Because Burton’s reading of the statute fails as a matter of law, he has not raised a legitimate claim based on mandamus that qualifies as a colorable cause of action. The circuit court therefore did not err—let alone abuse its discretion—in denying his petition to proceed in forma pauperis.
Affirmed.
WOMACK, J., dissents.
3
SHAWN A. WOMACK, Justice, dissenting. Dismissal of the case is proper pursuant to article 5, section 20 of the Arkansas Constitution. 1 Absent an express constitutional provision to the contrary, the State can never properly be a defendant in any of its courts.2 Here, Burton improperly made the State a defendant when he petitioned for mandamus relief in a new civil action below, 60CV-24-6968.3 Instead, he should have petitioned in one of his related, underlying criminal cases, 35CR-14-164 or 35CR-15-85. Accordingly, this court, like the circuit court below, lacks jurisdiction. For these reasons, the circuit court’s order must be reversed and the case dismissed.

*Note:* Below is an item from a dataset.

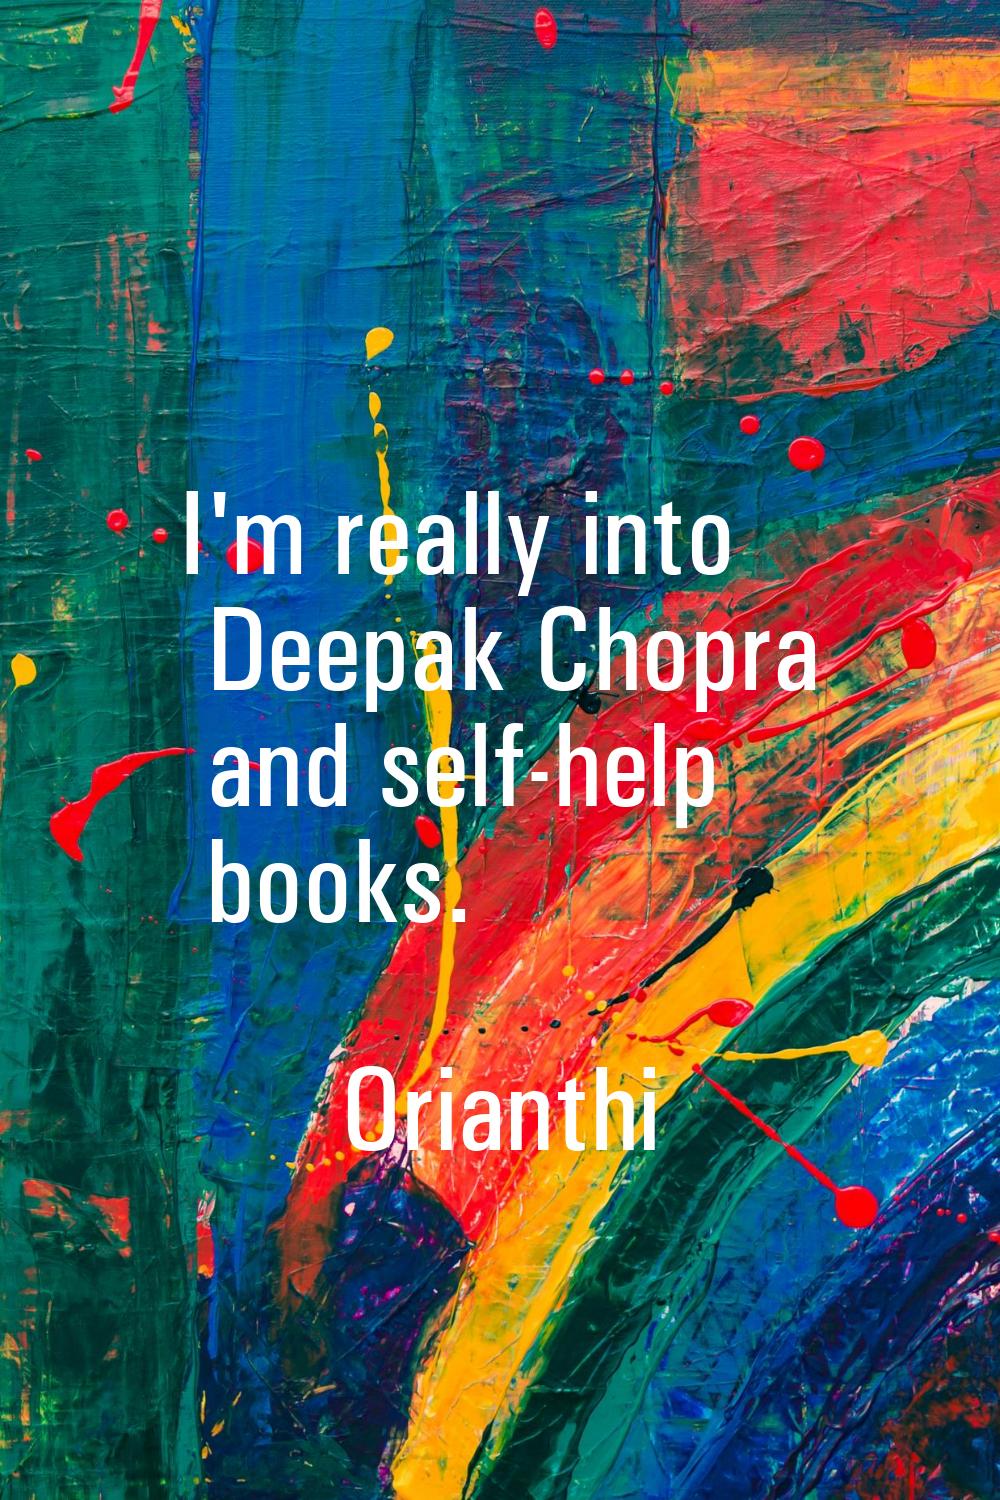 I'm really into Deepak Chopra and self-help books.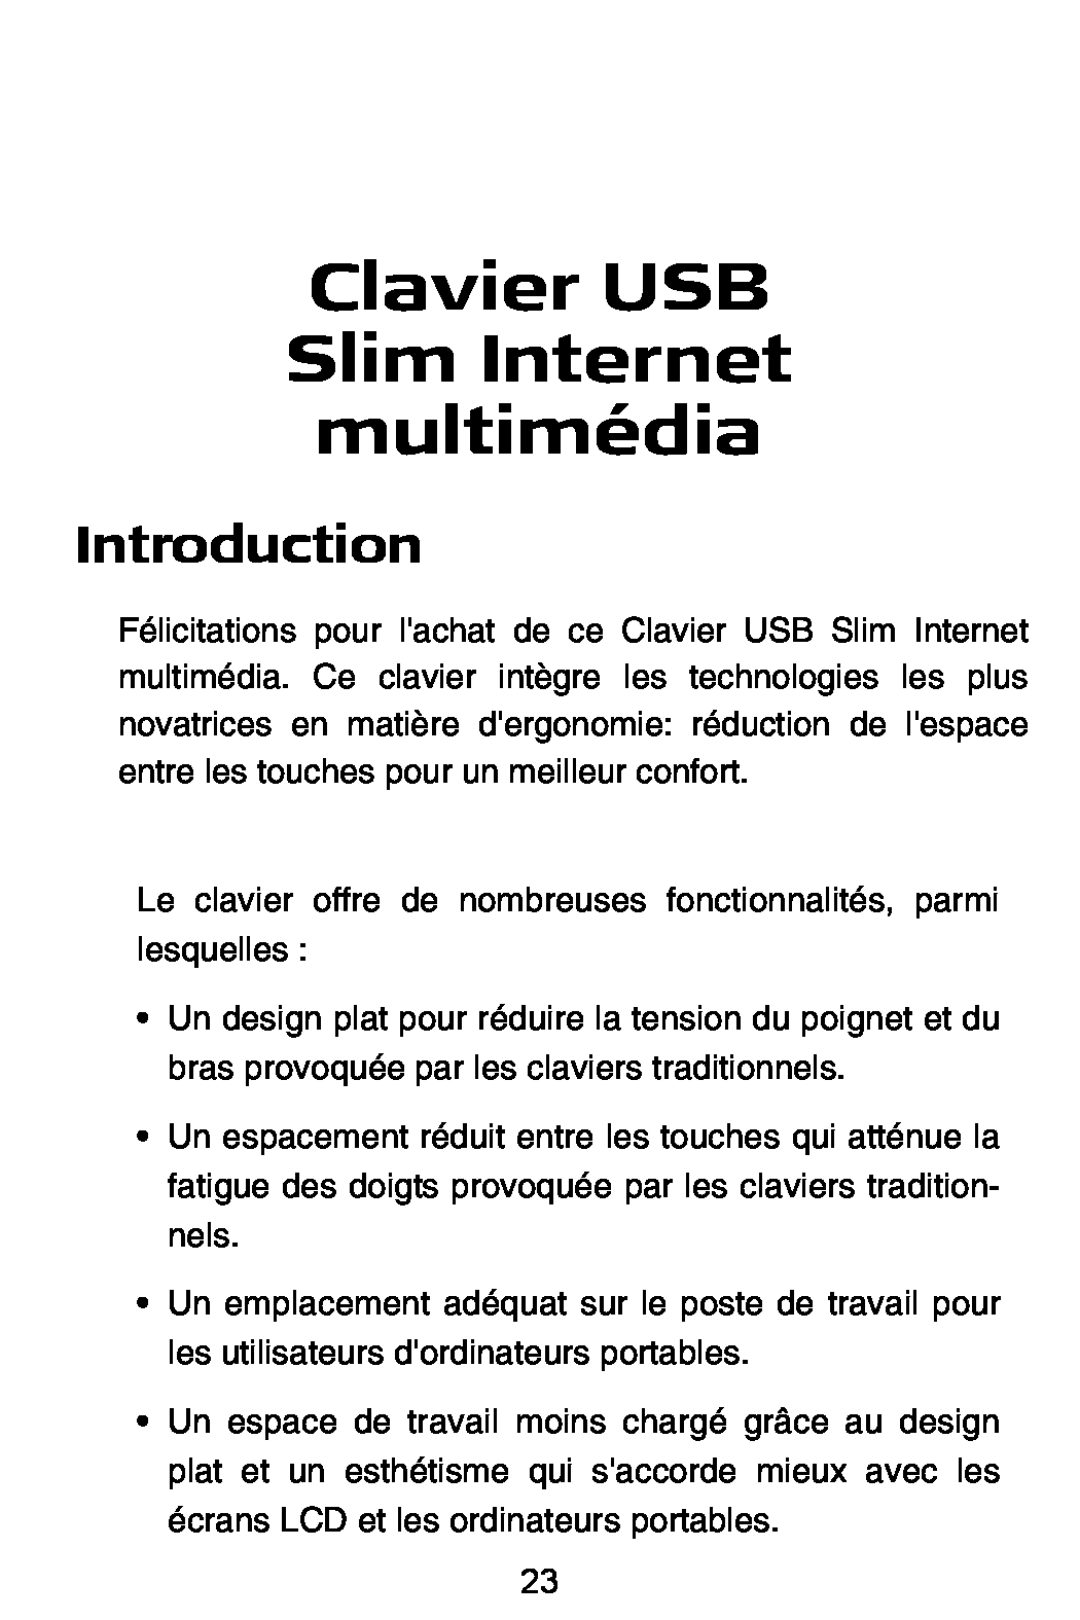 Targus slim internet multimedia USB keyboard specifications Clavier USB Slim Internet multimédia, Introduction

Kenneth Burton, pro se appellant.
Tim Griffin, Att’y Gen., by: Walker K. Hawkins, Ass’t Att’y Gen., for appellee.
1
See Thurston v. League of Women Voters of Ark., 2022 Ark. 32, at 17, 639 S.W.3d 319, 327 (Womack, J., dissenting).
2
Id.
3
See Perry v. Payne, 2022 Ark. 112, at 5 (Womack, J., dissenting) (reasoning Article 5, section 20 required the dismissal of the appeal from denial of writ of mandamus and declaratory judgment).